Posted: May 11, 2006

By Kevin Forest Moreau

Usually, reviewing a book released three years ago -- even one of the most widely read and controversial books in recent memory -- would smack of irrelevance. But if there's an exception to that rule of thumb, The Da Vinci Code is it. Dan Brown's 2003 thriller has spawned a mini-industry of novels concerning the Knights Templar, secret codes and/or Leonardo da Vinci (including Javier Sierra's recent The Secret Supper, which the author claims was well underway when Code was released). And that's not counting the books that seek to debunk claims made in Brown's best-selling phenomenon.

And then, of course, there's the imminent release of Ron Howard's film adaptation, and the recent paperback release timed to coincide with same. With public attention refocusing on The Da Vinci Code, there's no better time to consider the book from which sprang such a large part of the current zeitgeist -- if only so that those who've never gotten around to reading it can sound plausibly informed at those discussions around the proverbial water cooler. So relax, latecomers and procrastinators, and follow this advice.
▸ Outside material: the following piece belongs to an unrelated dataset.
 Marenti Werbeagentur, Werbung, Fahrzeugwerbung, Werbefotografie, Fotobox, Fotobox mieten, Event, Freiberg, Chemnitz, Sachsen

Lean confidently against the aforementioned cooler, cock your head at a confident angle, and, affecting a bit of a shrug, simply say: "I don't know. The Da Vinci Code is okay in a beach-read kind of way, but it hardly seems worth all the fuss."
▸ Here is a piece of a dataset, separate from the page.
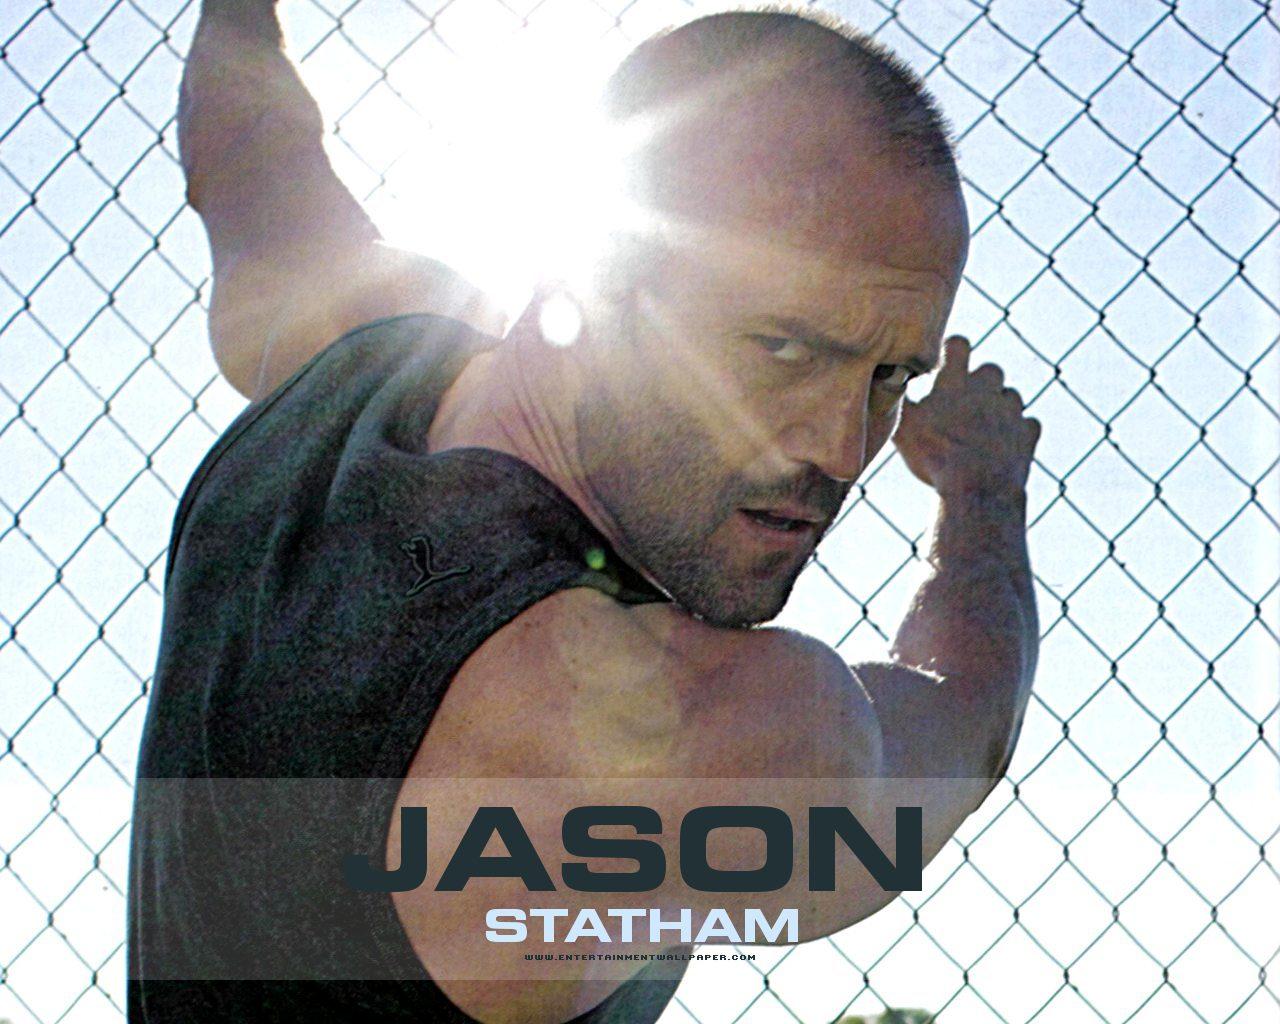 http://4.bp.blogspot.com/-d_0ChjQMNhc/T7S2HOYOrqI/AAAAAAAAA8g/hhGJvDsXfPI/s1600/Jason-Statham--jason-statham-645187_1280_1024.jpg

Such a statement could provoke strong reactions, but stand strong. As engaging as The Da Vinci Code is -- and it is -- it suffers from some pretty glaring flaws. To start with, for a thriller, it's not exactly overflowing with urgency. Oh, it starts promisingly enough. The early chapters are fueled by a standard man-on-the-run scenario: Harvard symbology professor Robert Langdon, on business in Paris, is forced to clear his name when intimidating police Captain Bezu Fache suspects him of the grisly murder of Louvre curator Jacques Saunière.
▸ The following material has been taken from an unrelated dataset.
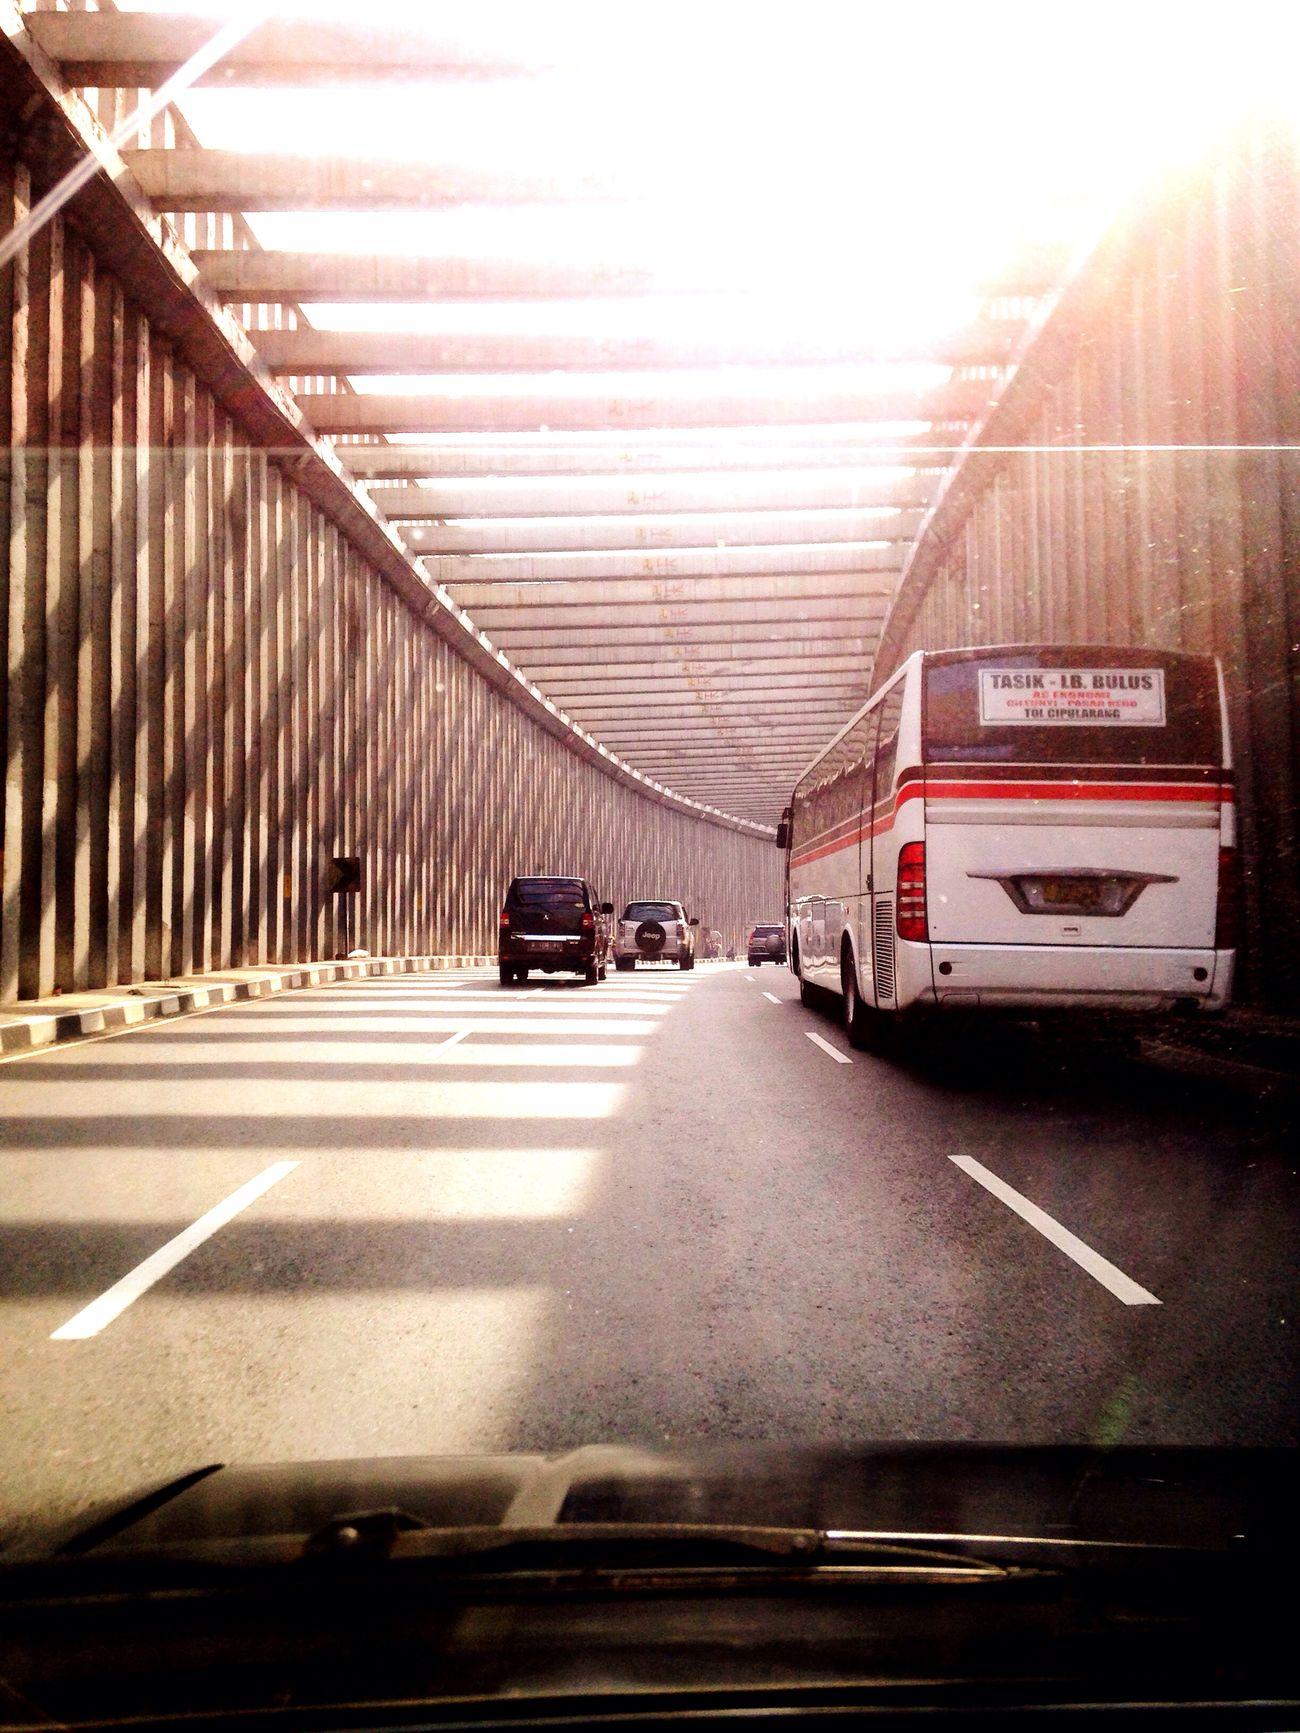 Lingkar nagreg Tunnel Ontheroad Lifeontheroad

But once Langdon -- with the aid of comely cryptologist Sophie Neuve, who swoops in to rescue him -- puts some distance between himself and Fache, the bulk of the drama shifts to the pair's attempt to decipher Saunière's cryptic final message, and find an important artifact he places in their care. Saunière, it turns out, was Sophie's grandfather, and a member of a secret society known as the Priory of Sion, dedicated to safeguarding a secret that could bring modern Catholicism to its knees. Through a series of clever codes, he has imparted that knowledge to his granddaughter, with an urgent post-script -- "Find Robert Langdon" -- pointing her toward the one man who can help her make sense of it.

Sadly, that crucial early tension soon disperses, and much of the drama that follows is more cerebral in nature, as Langdon and Sophie puzzle out clues. In fact, that cerebral air is the book's biggest drawback. Langdon piques the reader's interest as he slowly unspools tidbits about the Holy Grail, the Knights Templar, Mary Magdalene and the Catholic Church, but his bottomless well of knowledge about these subjects inevitably means that we watch from a distance as certain pieces of the puzzle just suddenly occur to him, and he dutifully reveals it to the rest of us. It's one thing for the reader to try to solve the puzzle along with the protagonist, and another to watch Sherlock Holmes piece together clues the reader overlooks. It's another thing entirely to wait for the protagonist to reveal his answers based on information we're not privy to.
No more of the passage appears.